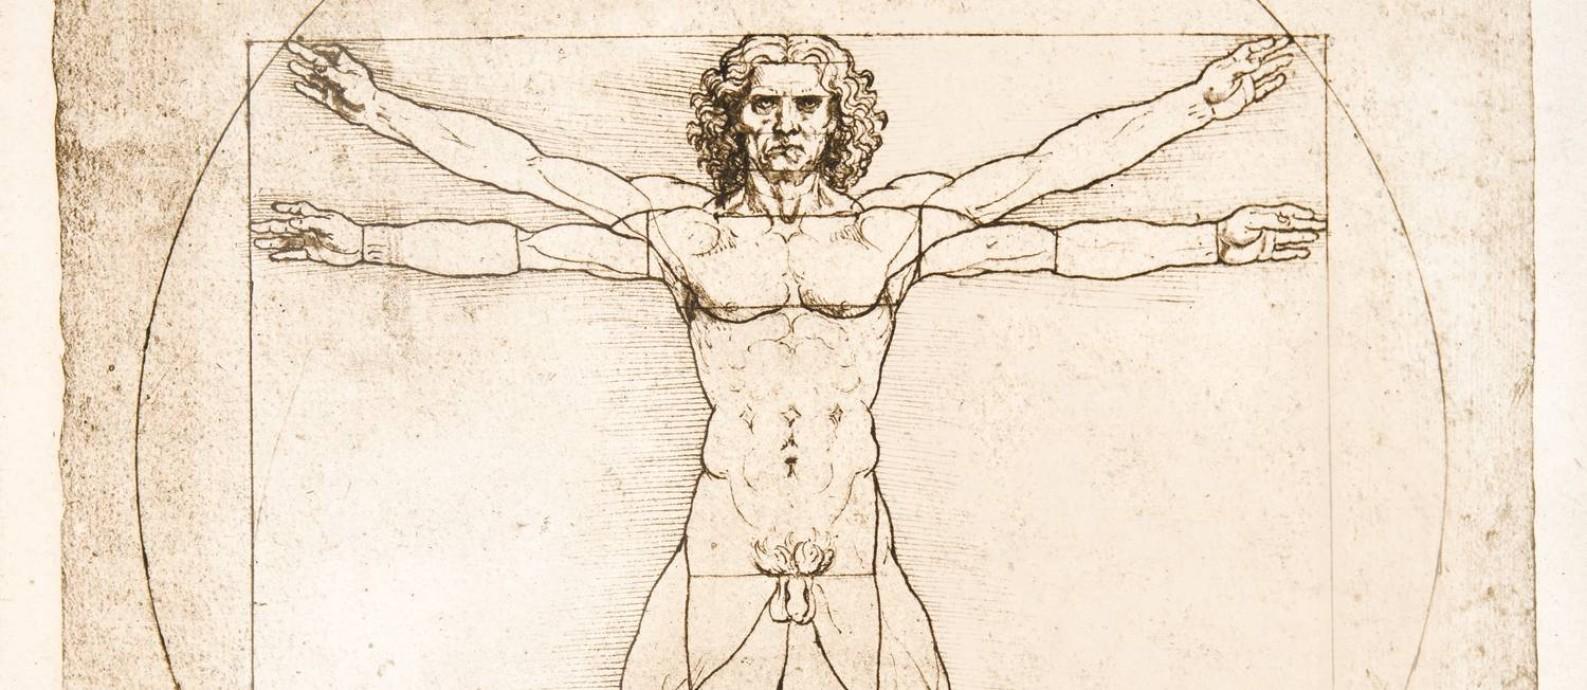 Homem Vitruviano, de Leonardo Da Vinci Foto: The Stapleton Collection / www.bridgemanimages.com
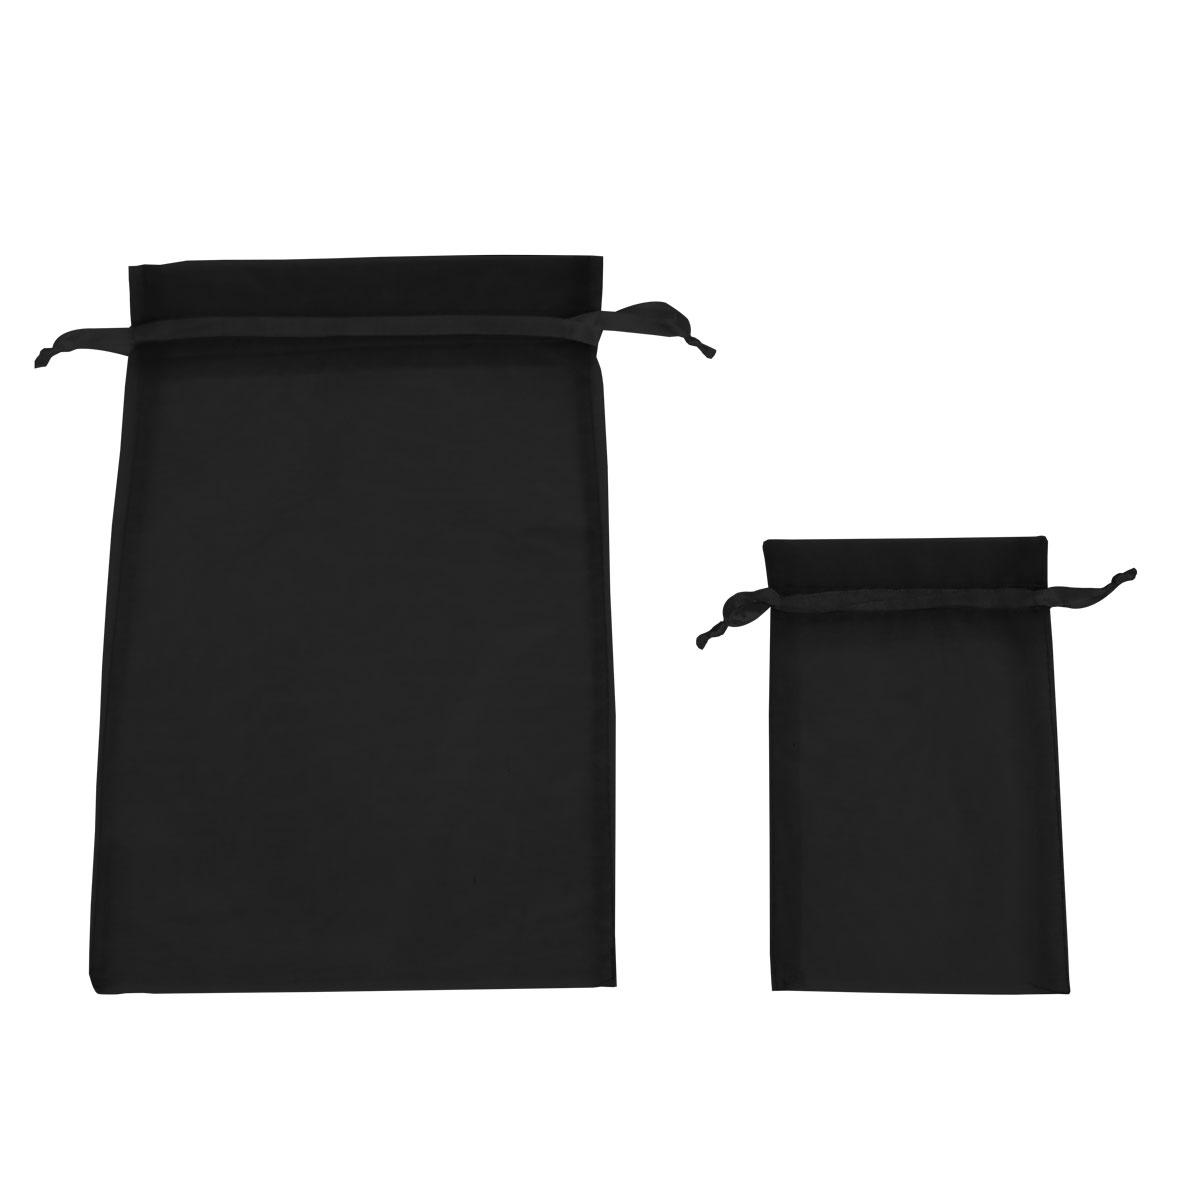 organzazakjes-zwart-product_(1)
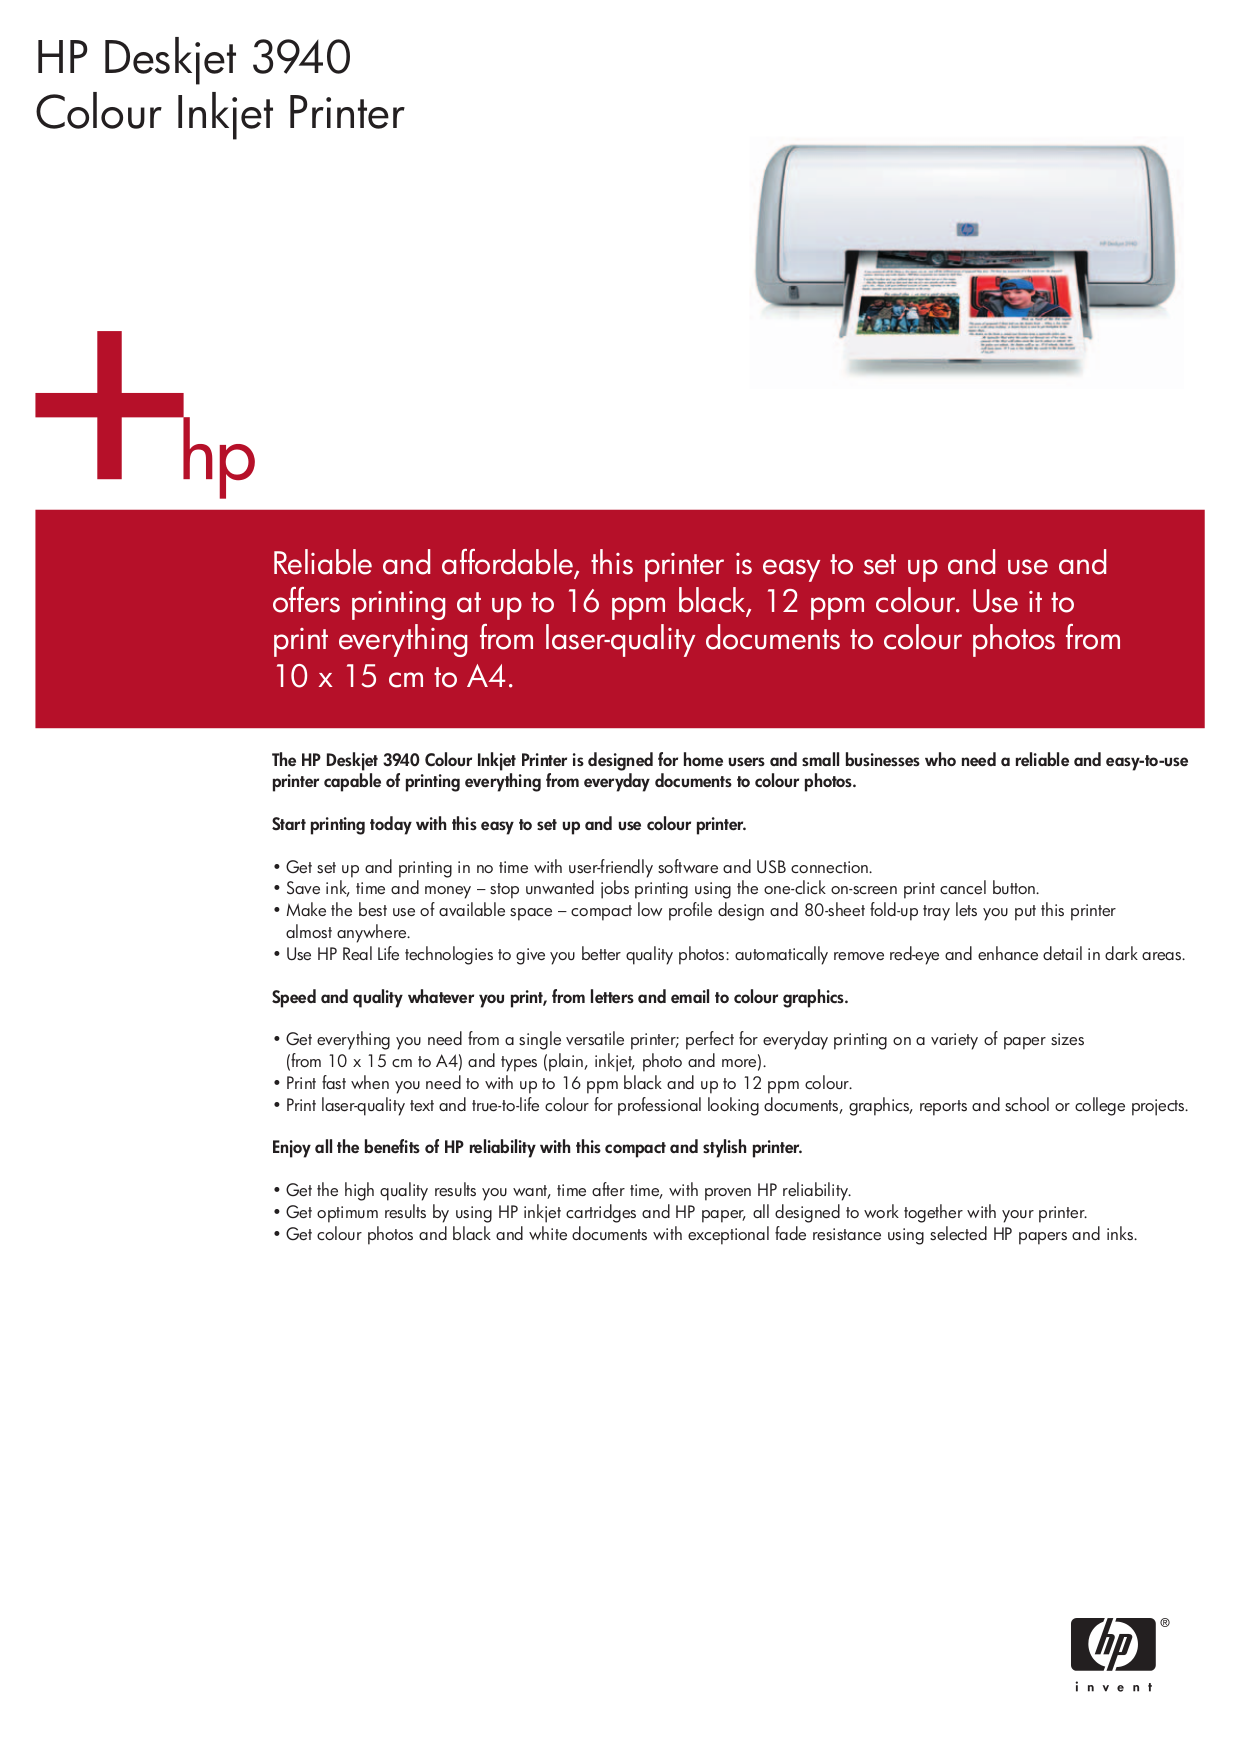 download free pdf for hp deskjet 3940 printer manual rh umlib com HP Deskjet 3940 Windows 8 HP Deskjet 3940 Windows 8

▶ _Instructions to follow_: I would like the data above transcribed exactly, with its pictures left out.

▶ _Solution to the problem_:
 Homem Vitruviano, de Leonardo Da Vinci Foto: The Stapleton Collection / www.bridgemanimages.com
 organzazakjes-zwart-product_(1)
 download free pdf for hp deskjet 3940 printer manual rh umlib com HP Deskjet 3940 Windows 8 HP Deskjet 3940 Windows 8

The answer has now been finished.